Writing About Performance Without Writing About Performance: The Living Archive of Sylvie Tourangeau as a Space of Commoning
I can’t write about the last performance I saw Sylvie Tourangeau do without acknowledging that I won’t really write about the performance she did. It’s not the detailed picture that interests me, nor is it (I believe) where the power of this work resides. It is in the invisibility of pre-performance research and the methodology that Tourangeau deploys. It is in the effects of the piece as a whole and the conversations I had with her after seeing it.
It’s not that individual actions don’t matter. But the occurrence of active witnessing, as highlighted by Tourangeau’s series of evocative offerings during VIVA! Art Action’s 2022 event, is what is at the heart of her performative proposal. This, and a recognition of the agency that abandoned spaces hold, too. Combined, what emerges is the notion of the “living archive”: where visible traces of a decades-long artistic trajectory (as embodied by Tourangeau) intersect with the social currency of a historical location to activate – and make circulate – the invisible spirit that inhabits and infuses the remaining skeleton of the performance’s setting.

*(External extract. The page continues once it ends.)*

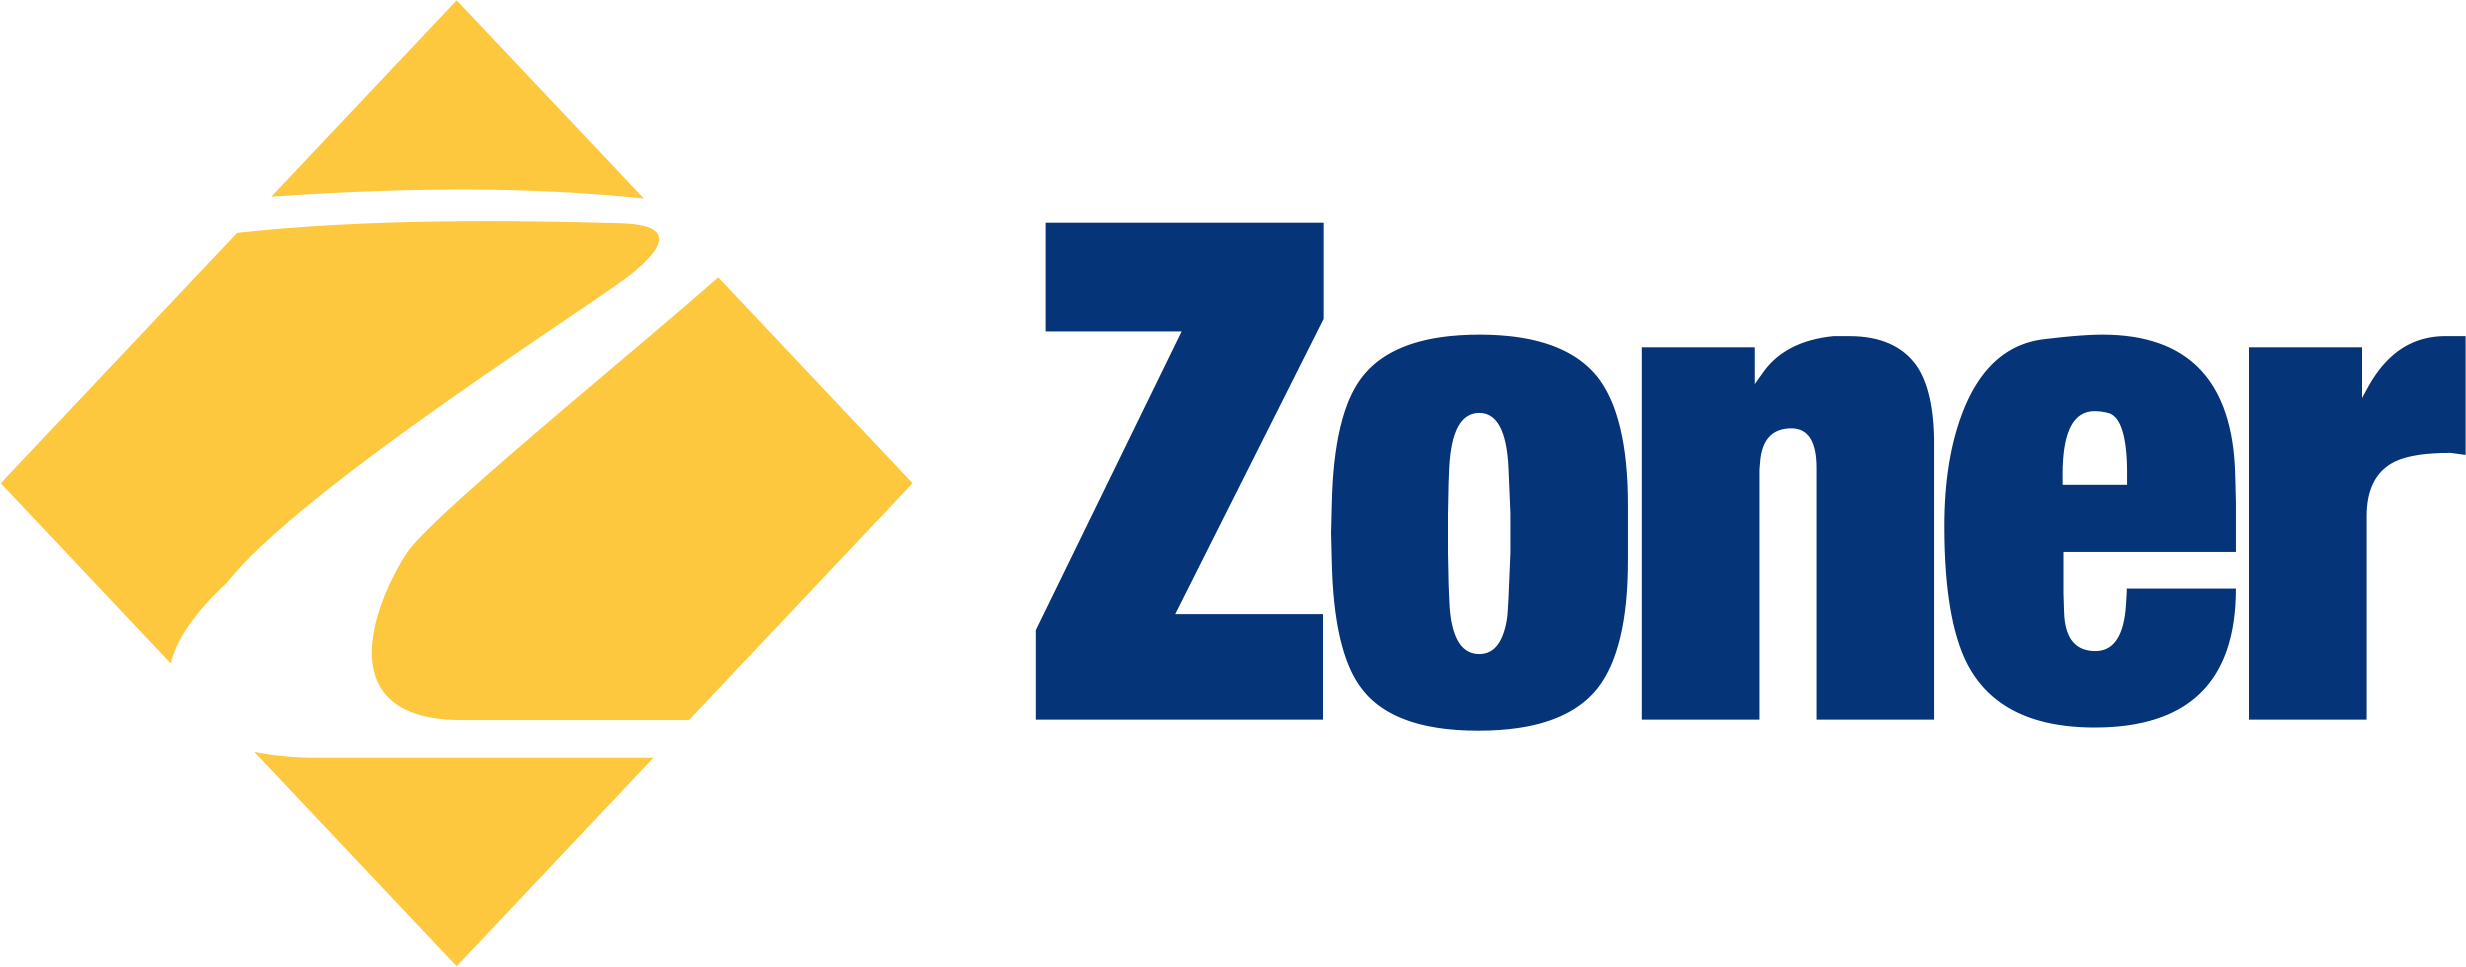 ZONER a.s. Corporate website

The Space as Living Archive
KABANE77 (as it came to be known in the community) – once a twentieth-century industrial warehouse, located in Montréal – burned to the ground in 2018, leaving behind the metal ribcage of a very large architectural mammal. Still standing, this framework offers a liminal, transparent refuge where people walk dogs, hold improvised dance parties, organize art gatherings, have picnics, smoke pot, and generally hang. Without having officially prescribed uses, it constantly reinvents itself, becoming amenable to an assortment of actions. As the site of Tourangeau’s performance, she describes a palpable creative motivation that she perceives as embedded within the site’s remains. This (figurative and literal) foundation – like a cornerstone in sacred architecture – forms what she considers the site’s “vocation.” It is, she specifies, an “artistic vocation,” one that entices people to assemble in organized and informal ways. Its magnet-like appeal ineffably draws people in but also surfaces from its quality of “non-place.” Sitting both outside (exposed to the world) and yet inside (contained by the beams that make up former walls and ceiling), the notion of public space in Tourangeau’s performance therefore has several levels, an element that she very consciously raised in the unfolding of her piece. Having prepared on site for several days prior, she found it asserting its own personality and observed a sensorial pull – a compelling quality pulsing invisibly and unconsciously in the structure and even under the ground.
In a mode of active reception – and perception – Tourangeau connected with this unconscious part of the space as infusing its (artistic) foundation, and this, in turn, guided her choice of objects, actions – and entre-actions. Acknowledging the foundational elements of the space would then provide the foundational elements of her performance: the ashes (spread on the ground, then covering part of her body), metal shovels (carried in each hand and leading in direction), and a five-pound level (an inheritance from her father, balanced gingerly yet determinedly on her head). In a humble gesture of thoughtful (and thought-provoking) rebuilding, Tourangeau’s performance took us backward and forward in time, bringing another kind of life to the space, with her body becoming another kind of magnet – constantly connecting to, disconnecting from, and reconnecting to the structure to keep her balance, keeping her from toppling the level on her head, acting as a kind of mediator between the (former) building and the present-day audience.
Who Is Performing?
Reflecting on her role in the performance, on her presence, Tourangeau concedes that she continually stepped aside, effacing herself (so to speak) to let the actions that needed to appear take over. “Don’t believe for a second that I’m the only one who is going to perform today,” she disclaimed as she began to move about the open ground. In discussion afterward she explains, “I was completely in the collective experience with everyone contributing to this unfolding. And that included the space too.”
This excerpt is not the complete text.